§ **EXERCISE AIM**
Restate the listing below word for word; no picture is to be carried over.

§ **RECORDED INFORMATION**
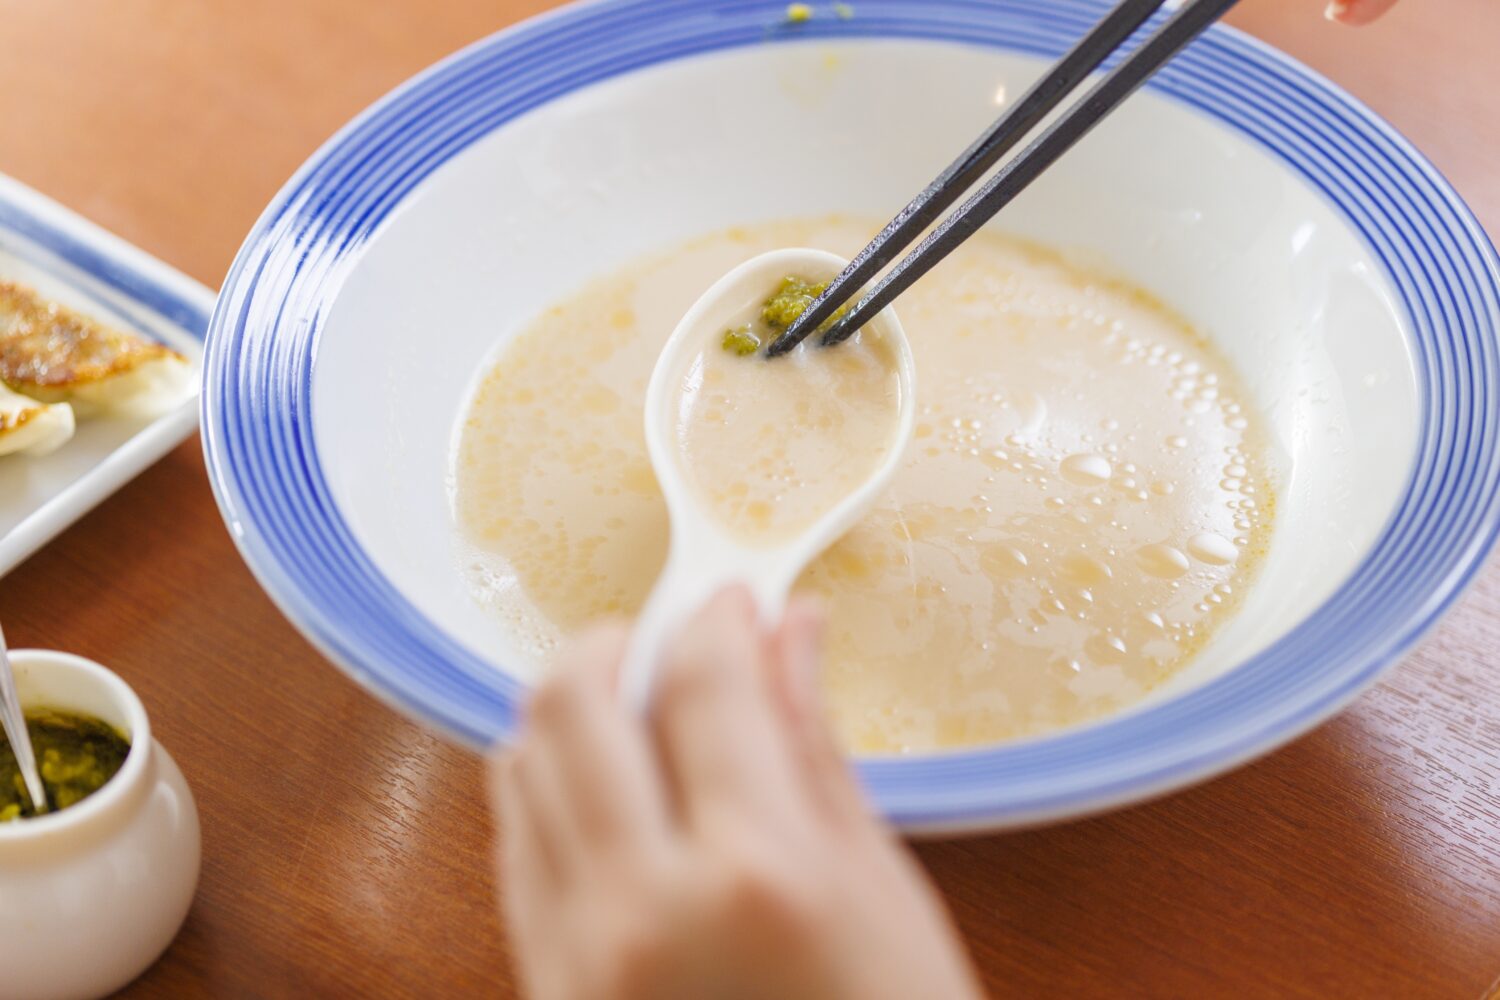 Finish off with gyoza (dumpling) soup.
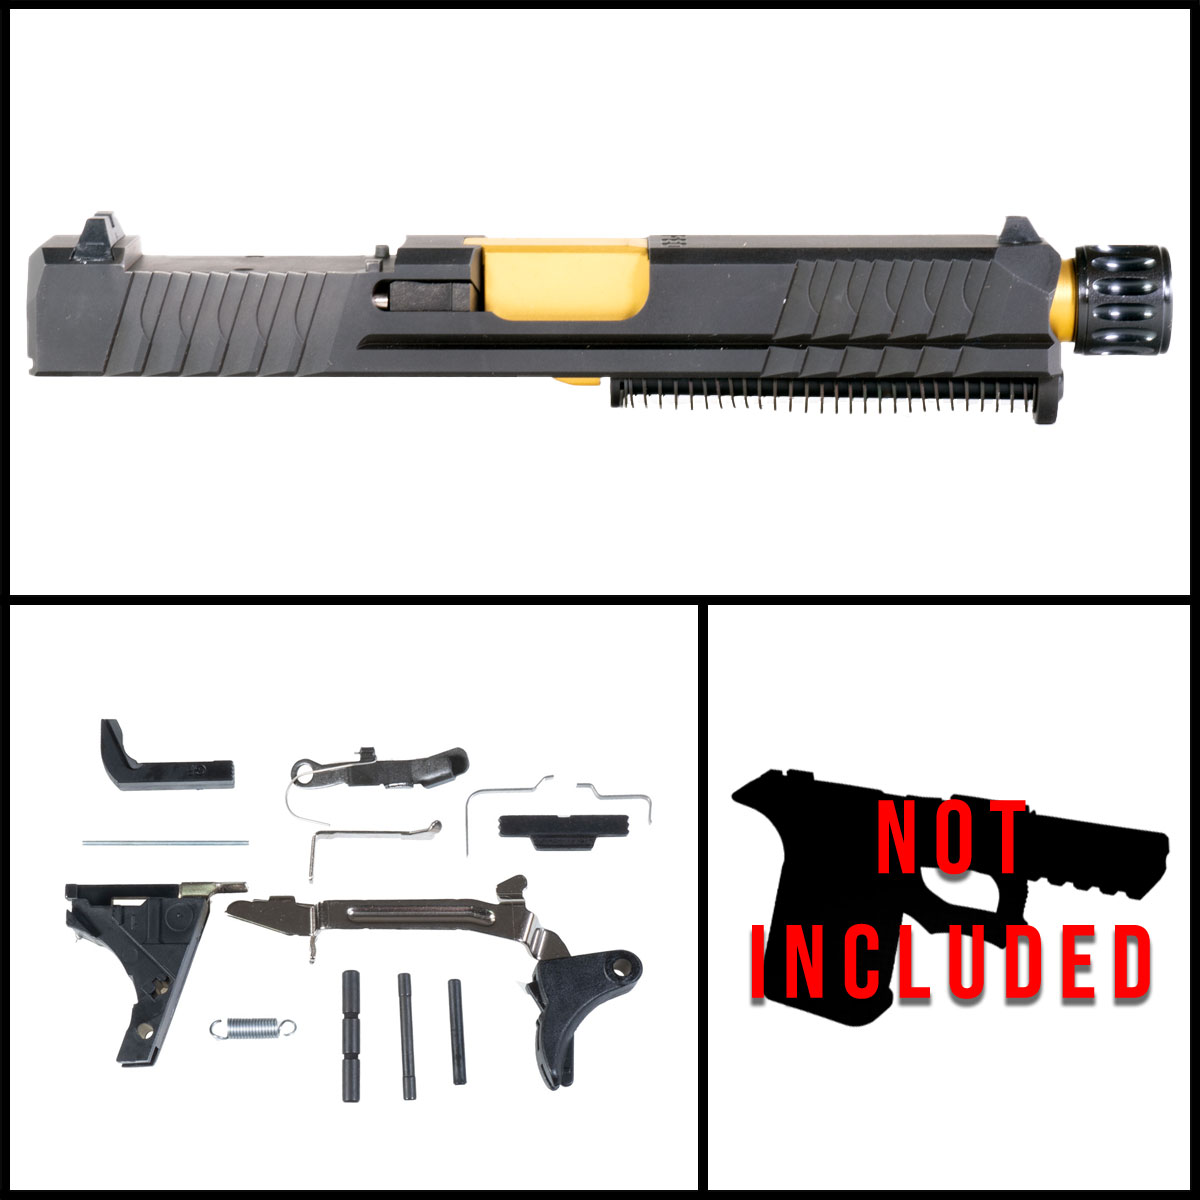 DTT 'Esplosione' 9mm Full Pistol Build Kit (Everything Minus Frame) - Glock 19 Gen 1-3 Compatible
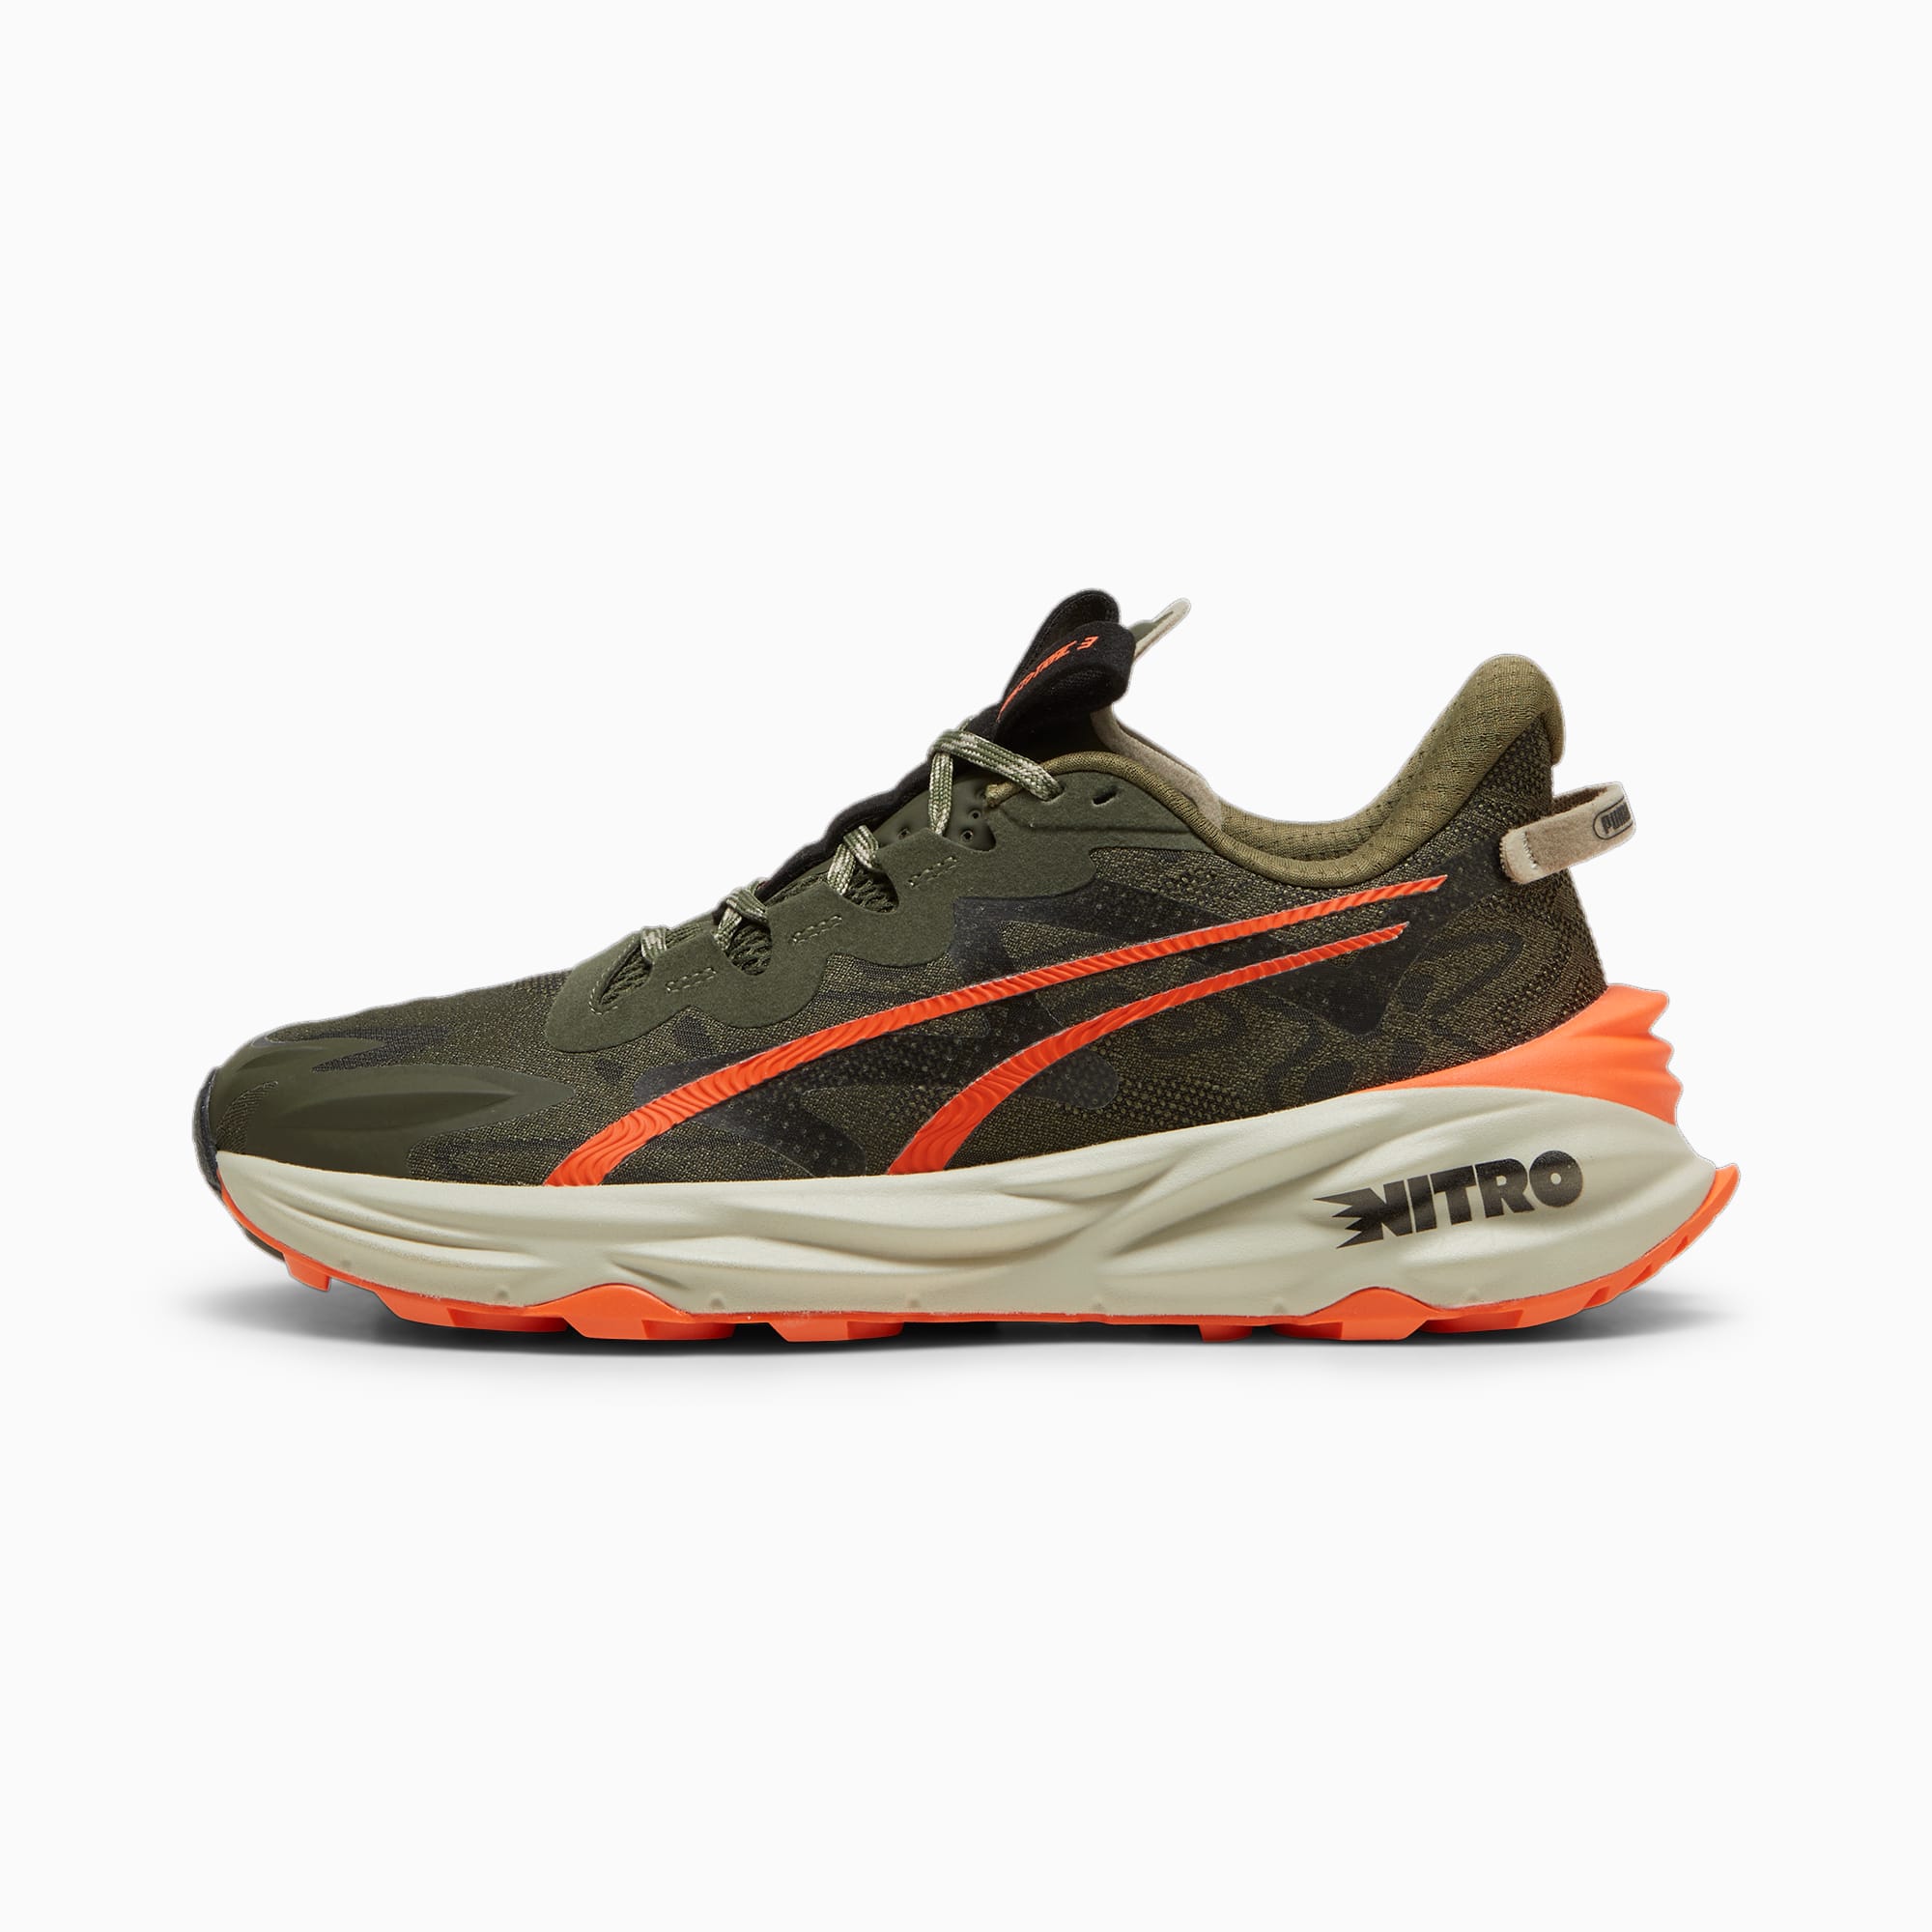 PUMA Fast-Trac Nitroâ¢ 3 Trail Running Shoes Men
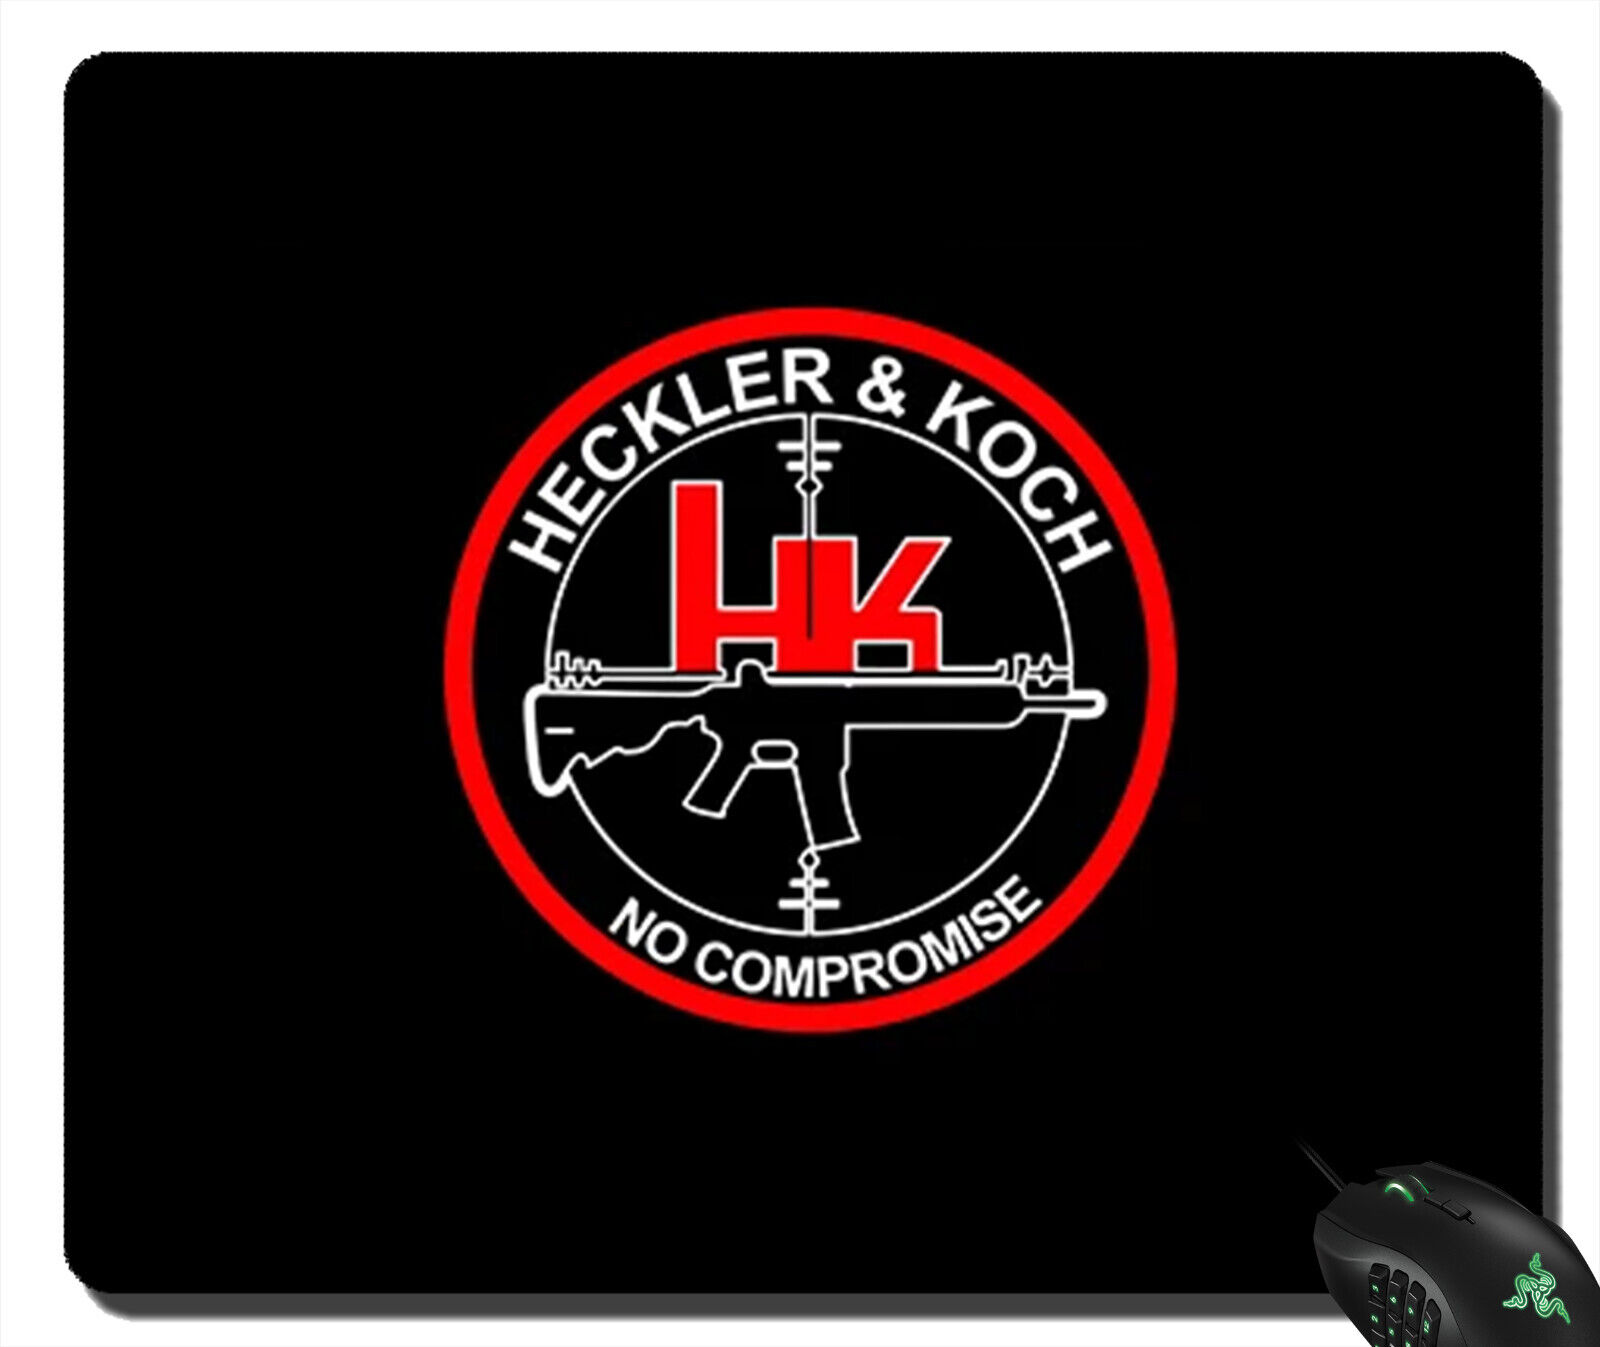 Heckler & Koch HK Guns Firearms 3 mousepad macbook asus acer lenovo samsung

§ **REPLY**
 Finish off with gyoza (dumpling) soup.
 DTT 'Esplosione' 9mm Full Pistol Build Kit (Everything Minus Frame) - Glock 19 Gen 1-3 Compatible
 PUMA Fast-Trac Nitroâ¢ 3 Trail Running Shoes Men
 Heckler & Koch HK Guns Firearms 3 mousepad macbook asus acer lenovo samsung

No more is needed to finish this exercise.